Group 95—Space Systems Analysis
The Space Systems Analysis Group identifies and evaluates threats to the U.S. use of space for military, intelligence, civil, and commercial purposes. This work involves understanding the attributes and vulnerabilities of U.S. space-related systems, including the sensors and networks used to detect, track, and characterize objects in space, the satellites that provide space-based services, and the infrastructure used to control and operate these satellites. A central component of this effort involves consideration of how adversaries might try to exploit vulnerabilities and technical evaluation of the knowledge and resources required to mount a credible threat against U.S. systems. The group also develops concepts for reducing U.S. vulnerabilities to these identified threats. This work requires detailed modeling of optical, radar, and propulsion systems; novel ideas for new space systems and on-orbit operations; and consideration of the timelines, architectures, and decision-making processes for maintaining awareness of the space environment. In addition, the group pursues potentially game-changing, innovative ideas for remote sensing of space and the Earth. This part of the group's work involves sensor design, signal and image processing, and target and environmental phenomenology. The group seeks researchers from the physical sciences, including physics, mathematics, and chemistry, as well as from a wide range of engineering disciplines (including electrical, computer, mechanical, chemical, aeronautical, and astronautical).
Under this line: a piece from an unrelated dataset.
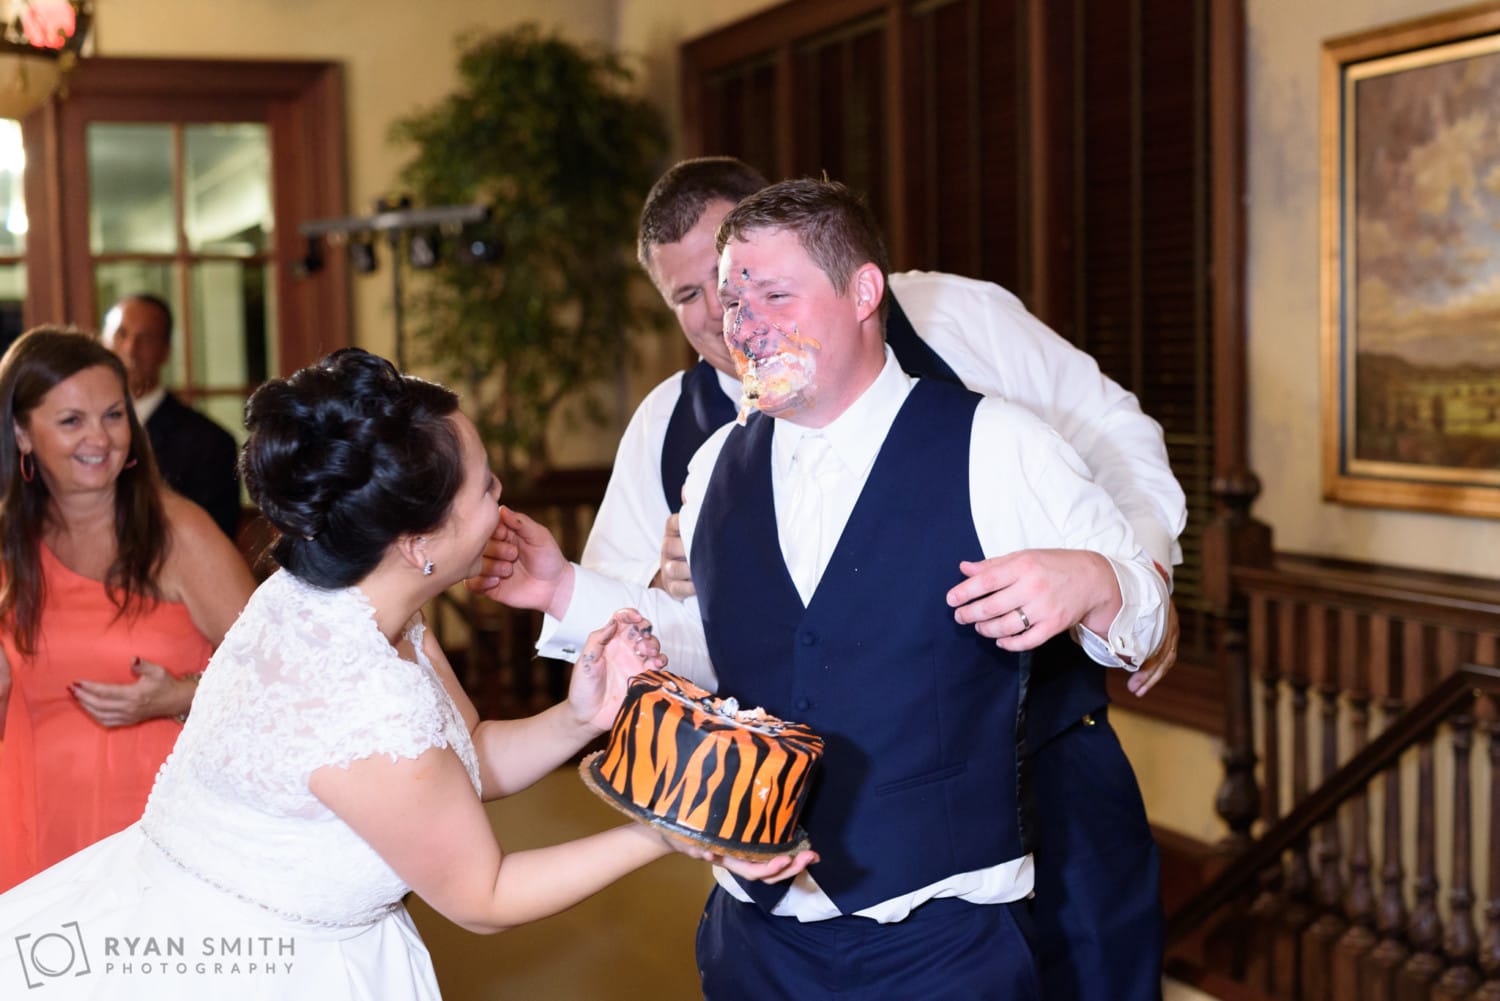 Bride and groom getting wild with the cake smash - Dye Club at Barefoot Resort

Group 97—Sensor Technology and System Applications
The Sensor Technology and System Applications Group develops environmental monitoring electro-optical (EO) infrared (IR) sensor systems for detecting and tracking natural and man-made phenomena. The group's activities include the extraction of target and feature information from airborne and space-borne hyperspectral imagery; system support of National Oceanic and Atmospheric Administration (NOAA) environmental satellites in performance analysis and improvement of existing sensors and products; architecture definition and sensor development support for the next-generation NOAA satellite systems; and chemical- and biological-agent detection sensor and system development. Work includes EO IR sensor design, system and architecture analysis, signal processing, data analysis, and algorithm development.
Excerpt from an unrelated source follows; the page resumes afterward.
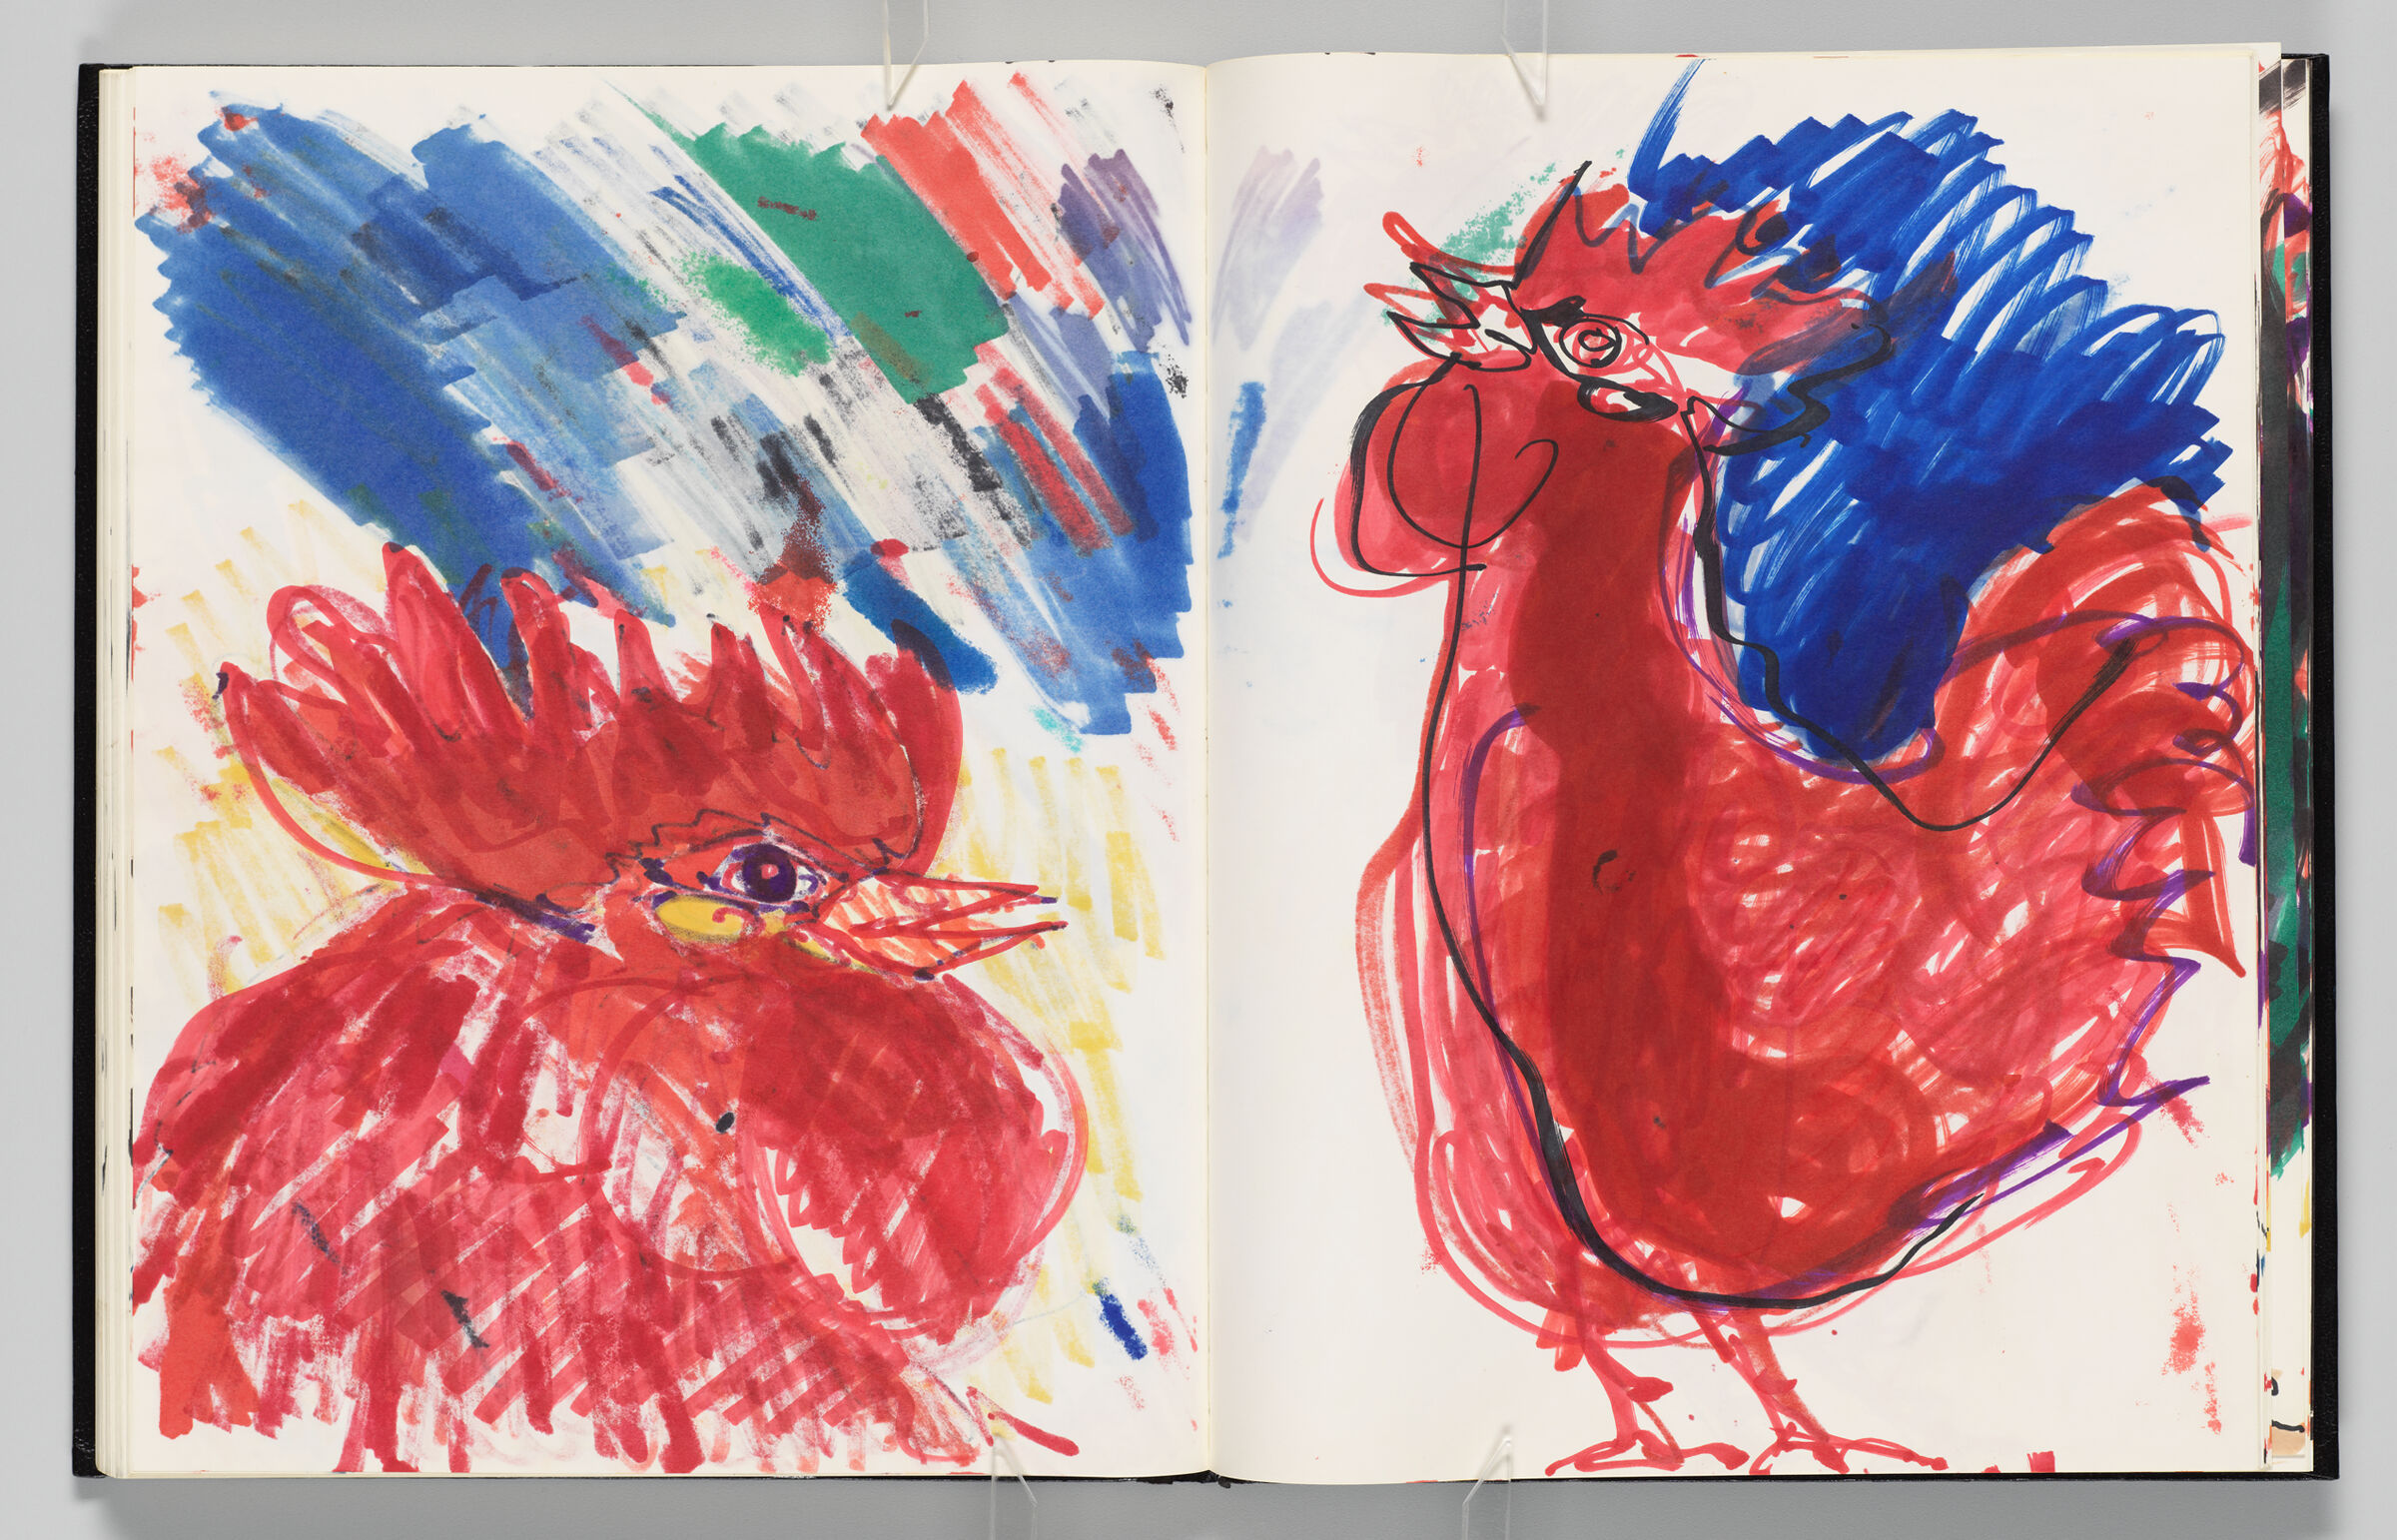 Untitled (Bleed-Through Of Previous Page, Left Page); Untitled (Rooster, Right Page)

Group 99—Advanced Space Systems and Concepts
The Advanced Space Systems and Concepts Group's expertise is in the area of electro-optical imaging systems, image processing, video exploitation, and low-power optical communications systems. The group leverages this core expertise to architect, prototype, and build imaging hardware and software systems in support of aerospace surveillance, wide-area persistent surveillance, and focused surveillance programs for Department of Defense, Department of Homeland Security, and NASA sponsors.